* **TASK ITEM**
Your copy should repeat the data that follows exactly and contain no image.

* **DATA SHOWN**
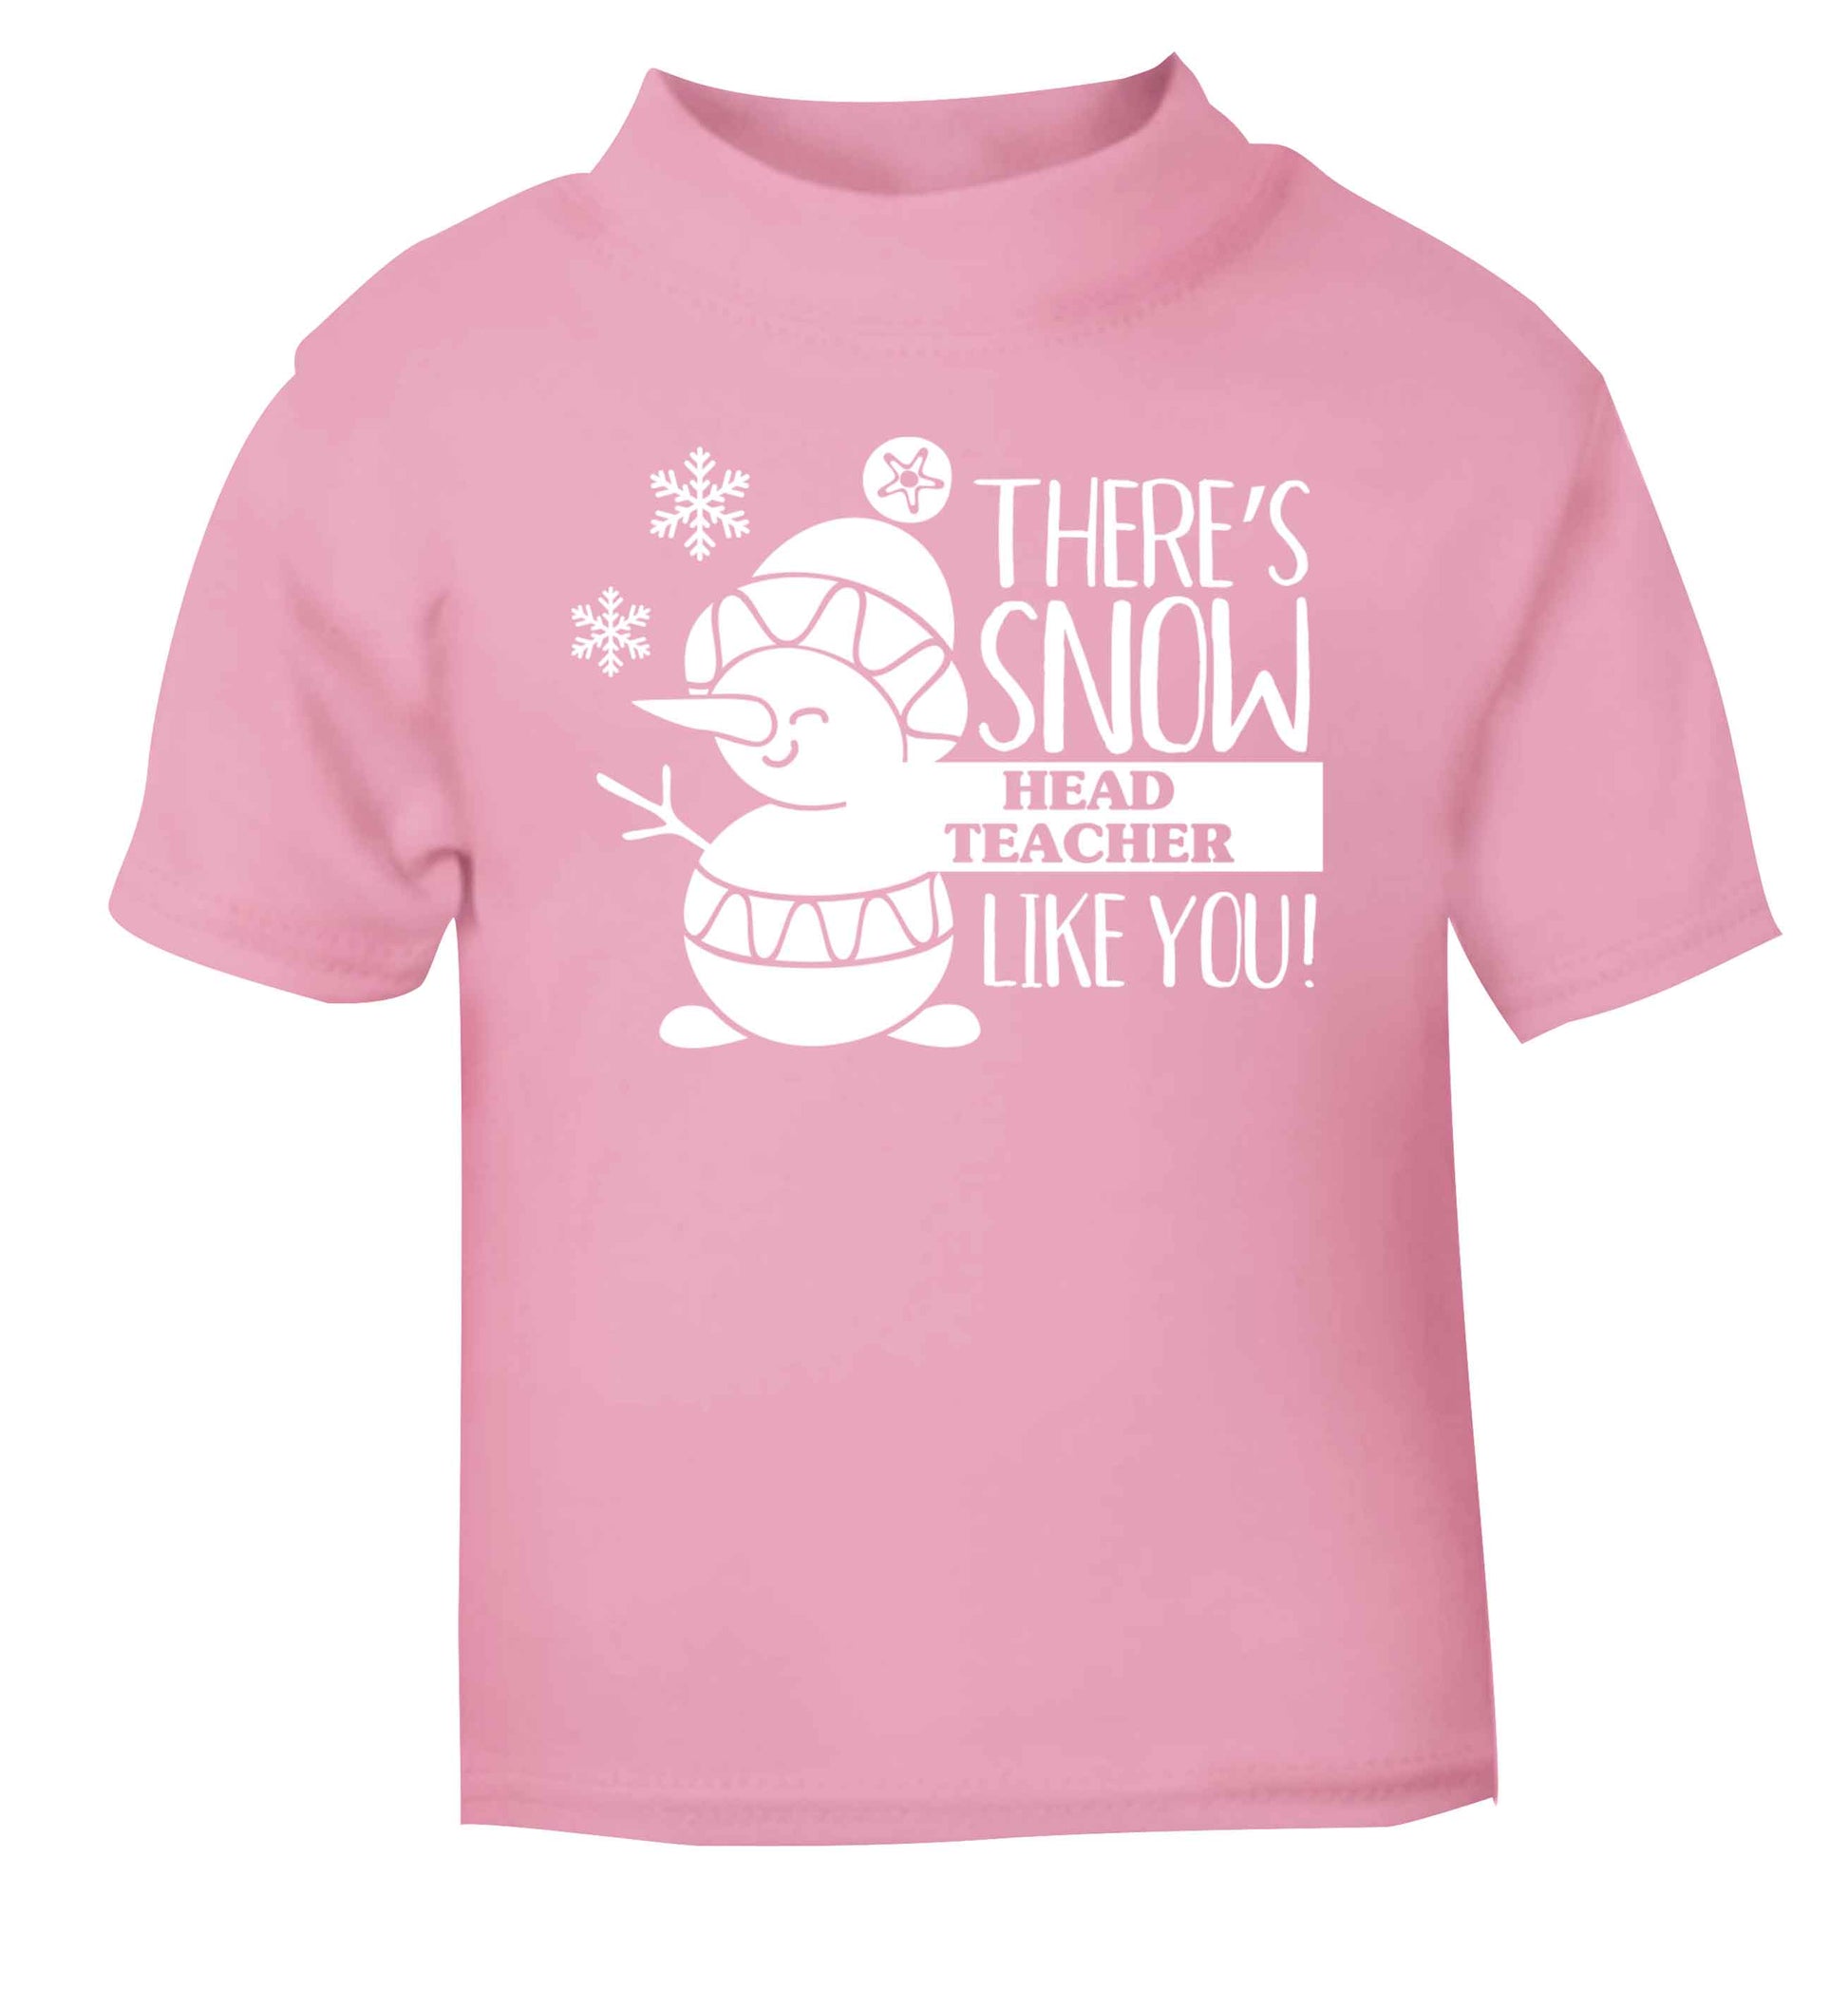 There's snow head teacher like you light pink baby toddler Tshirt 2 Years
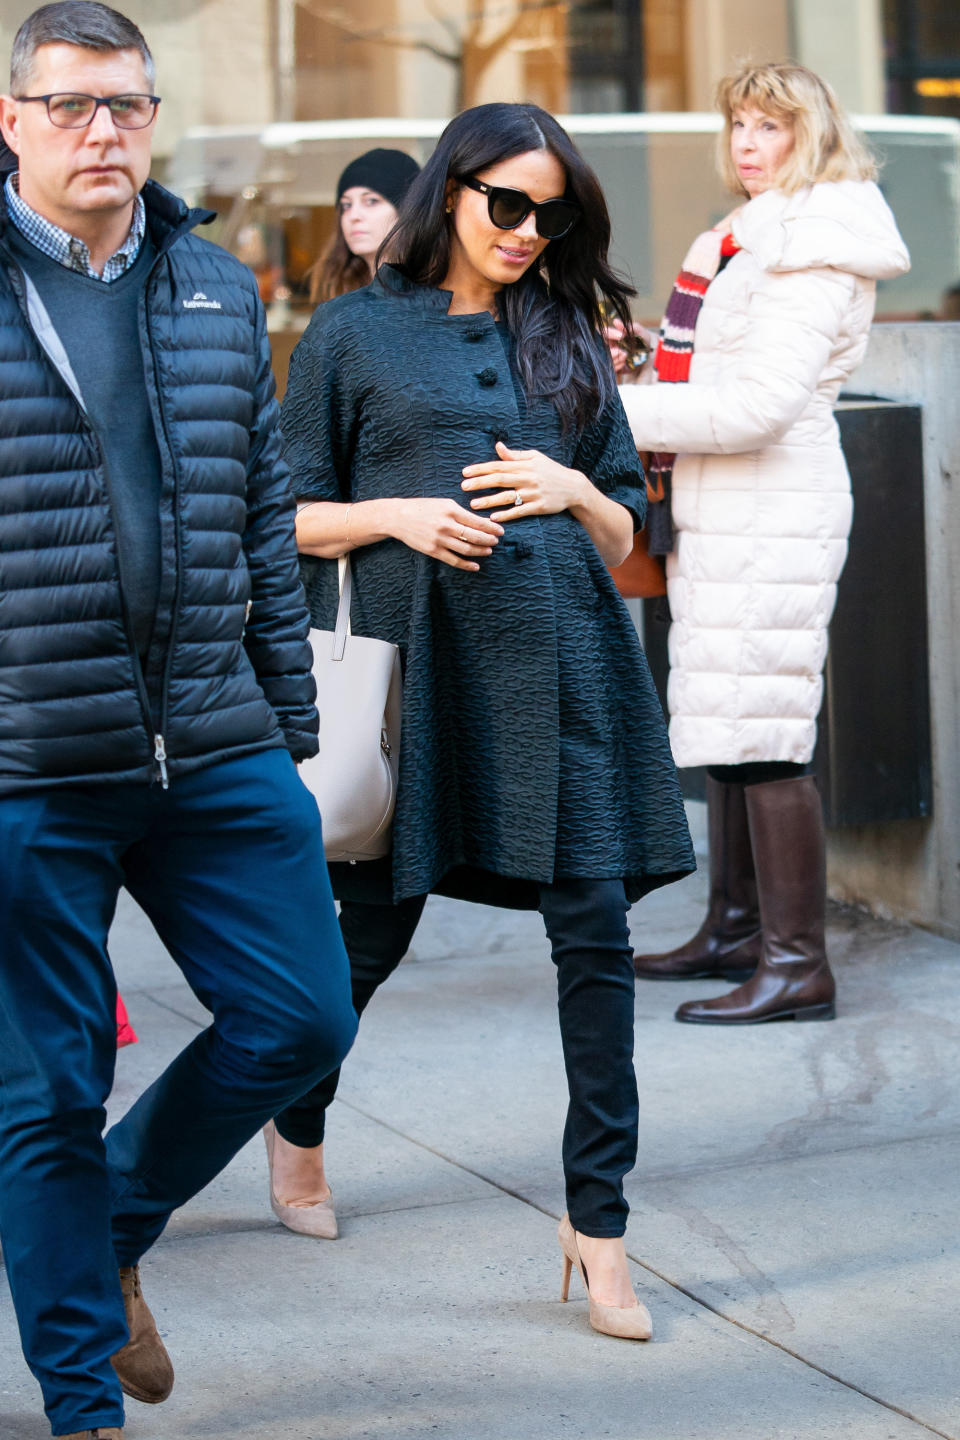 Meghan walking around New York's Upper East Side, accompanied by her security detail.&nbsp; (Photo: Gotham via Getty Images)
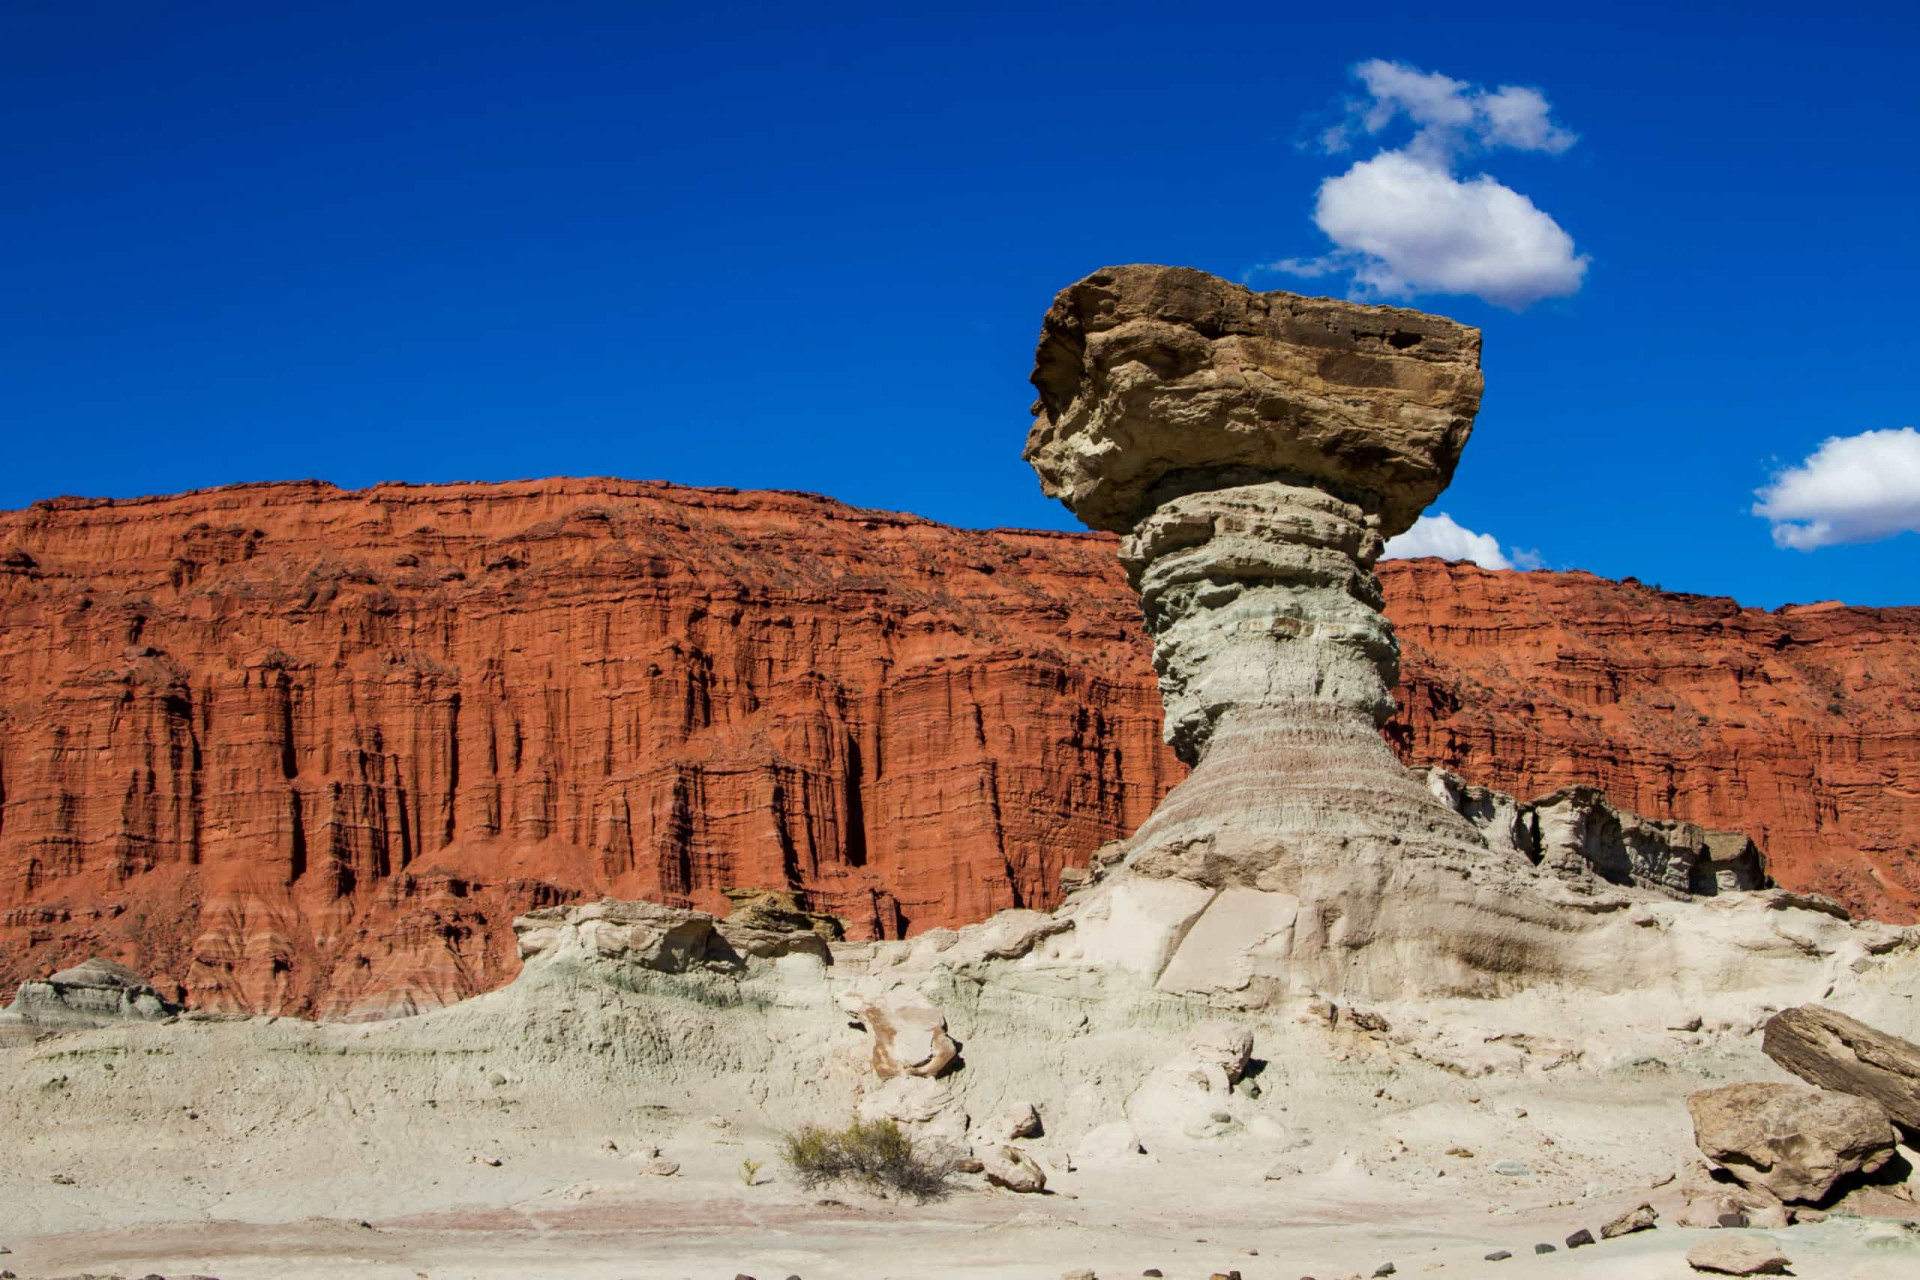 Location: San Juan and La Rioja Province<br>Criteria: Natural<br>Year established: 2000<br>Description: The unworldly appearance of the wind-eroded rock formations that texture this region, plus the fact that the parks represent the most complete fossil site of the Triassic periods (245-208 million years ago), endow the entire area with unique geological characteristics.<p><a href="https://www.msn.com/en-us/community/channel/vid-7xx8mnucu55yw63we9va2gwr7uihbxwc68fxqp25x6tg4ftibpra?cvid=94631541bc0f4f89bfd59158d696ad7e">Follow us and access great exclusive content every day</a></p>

* **ANSWER TO THE EXERCISE**
 There's snow head teacher like you light pink baby toddler Tshirt 2 Years
 Meghan walking around New York's Upper East Side, accompanied by her security detail.&nbsp; (Photo: Gotham via Getty Images)
 Location: San Juan and La Rioja Province<br>Criteria: Natural<br>Year established: 2000<br>Description: The unworldly appearance of the wind-eroded rock formations that texture this region, plus the fact that the parks represent the most complete fossil site of the Triassic periods (245-208 million years ago), endow the entire area with unique geological characteristics.<p><a href="https://www.msn.com/en-us/community/channel/vid-7xx8mnucu55yw63we9va2gwr7uihbxwc68fxqp25x6tg4ftibpra?cvid=94631541bc0f4f89bfd59158d696ad7e">Follow us and access great exclusive content every day</a></p>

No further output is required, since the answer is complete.